The new deficit goal of 1.8% of gross domestic product, though below last year's estimated 2%, is higher than previous forecasts and marks further divergence from a trajectory agreed with the European Commission two years ago.

Spain is no longer bound by the Commission's excessive deficit procedure, but the EU executive still has the last word in giving a green light or not on member countries' budgets.

It had earlier voiced concerns that Spain could fail to cut the structural deficit by 0.65% required of it this year.

Economy Minister Nadia Calvino told a news conference the government was in talks with the European Commission over its new budget data and stressed that it was still committed to reducing deficit and debt levels.

"The government's commitment to the European rules is clear," she said.

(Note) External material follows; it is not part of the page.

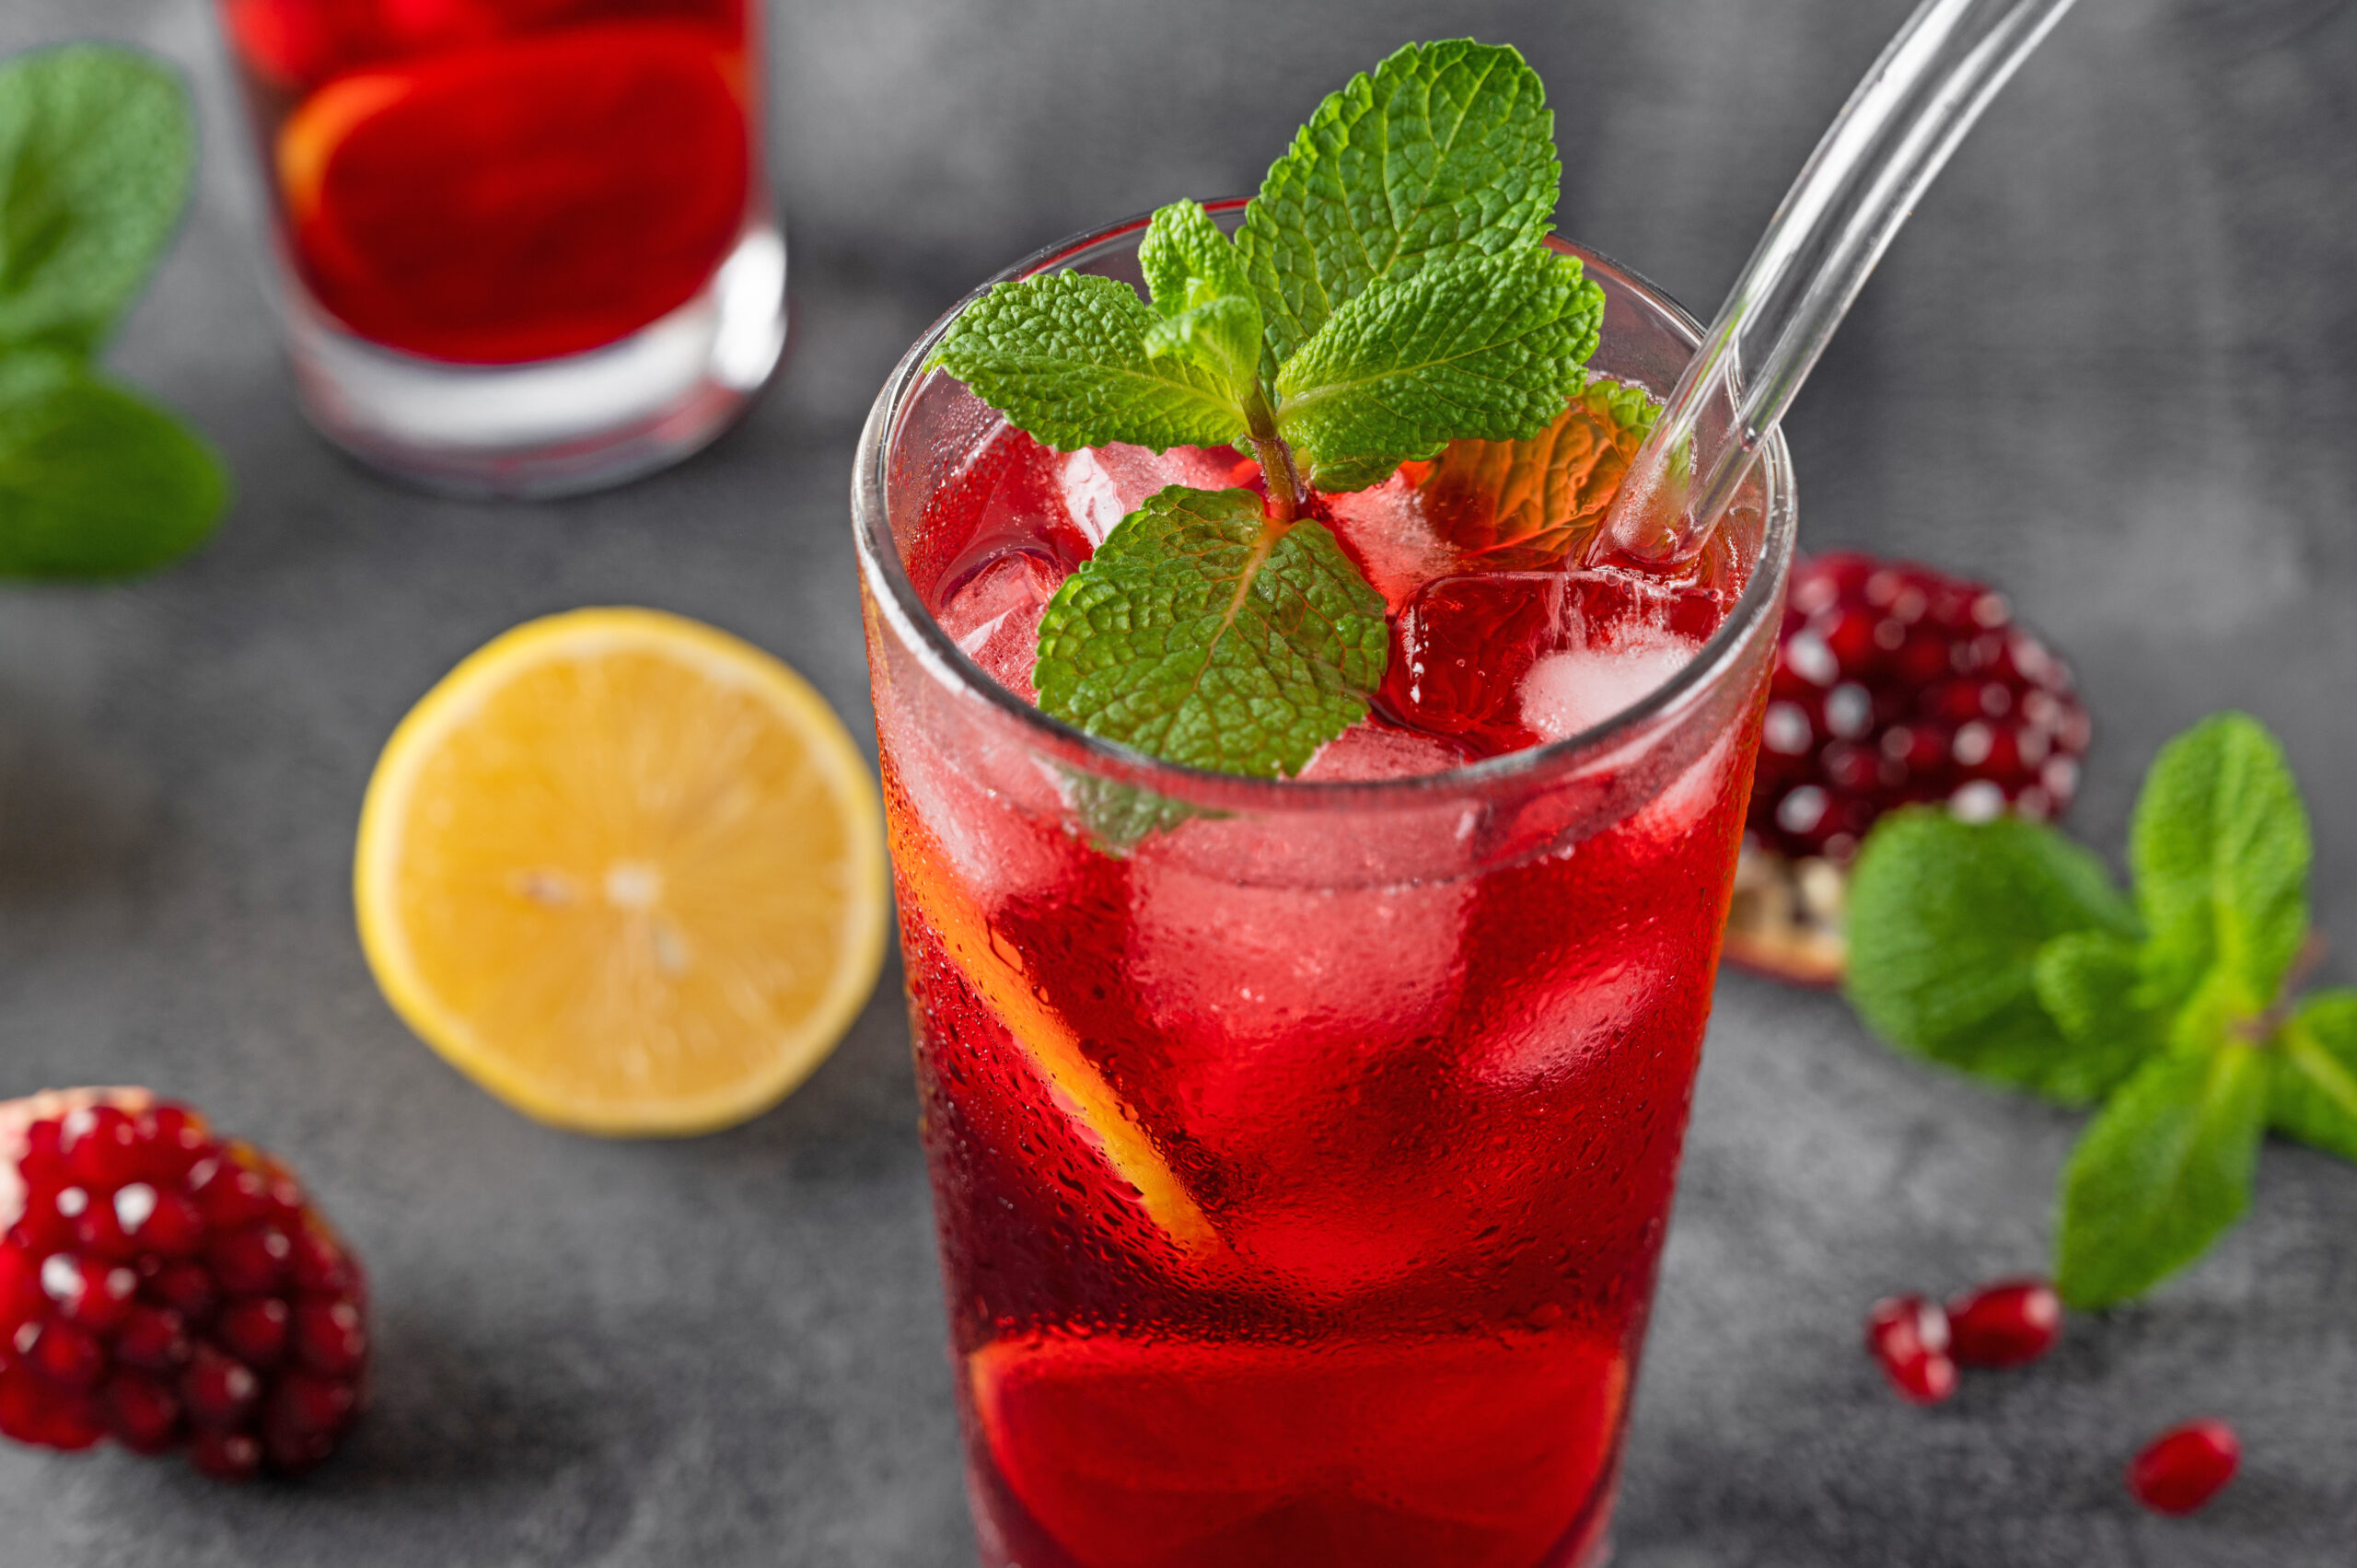 A refreshing red beverage served in a tall glass with ice, lemon slices, and garnished with fresh mint leaves. A straw is placed in the glass. In the background, there are lemons, mint leaves, and pomegranate seeds on a gray surface.

"We are approving stability goals that will guarantee that Spain will keep on reducing its deficit and its sovereign debt at a pace that doesn't hurt growth or job creation."

The government expects growth to further slow down to 1.5% in 2021 before recovering to 1.6% in 2022 and 1.7% in 2023. The deficit is likely to narrow to 1.5% in 2021, 1.2% in 2022 and 0.9% in 2023, Calvino added.

Budget Minister Maria Jesus Montero said the debt-to-GDP ratio would gradually fall to 91.7% in 2022 from an envisaged 94.6% in 2020, and then to below 90% afterwards.

The ripple effects of the U.S.-China trade war and other factors such as Brexit and more recently the new COVID-19 coronavirus in China have prompted an economic deceleration in Europe likely to continue well into 2020.

The anticipated slowdown in Spain will curb the decline in the unemployment rate experienced over the past five years, Calvino said.Since Spain emerged from a severe crisis in 2013, unemployment has receded from a peak of nearly 27% early in that year to 13.78% in late 2019.

The government now expects the 2020 rate to plateau at 13.6% at the end of the year.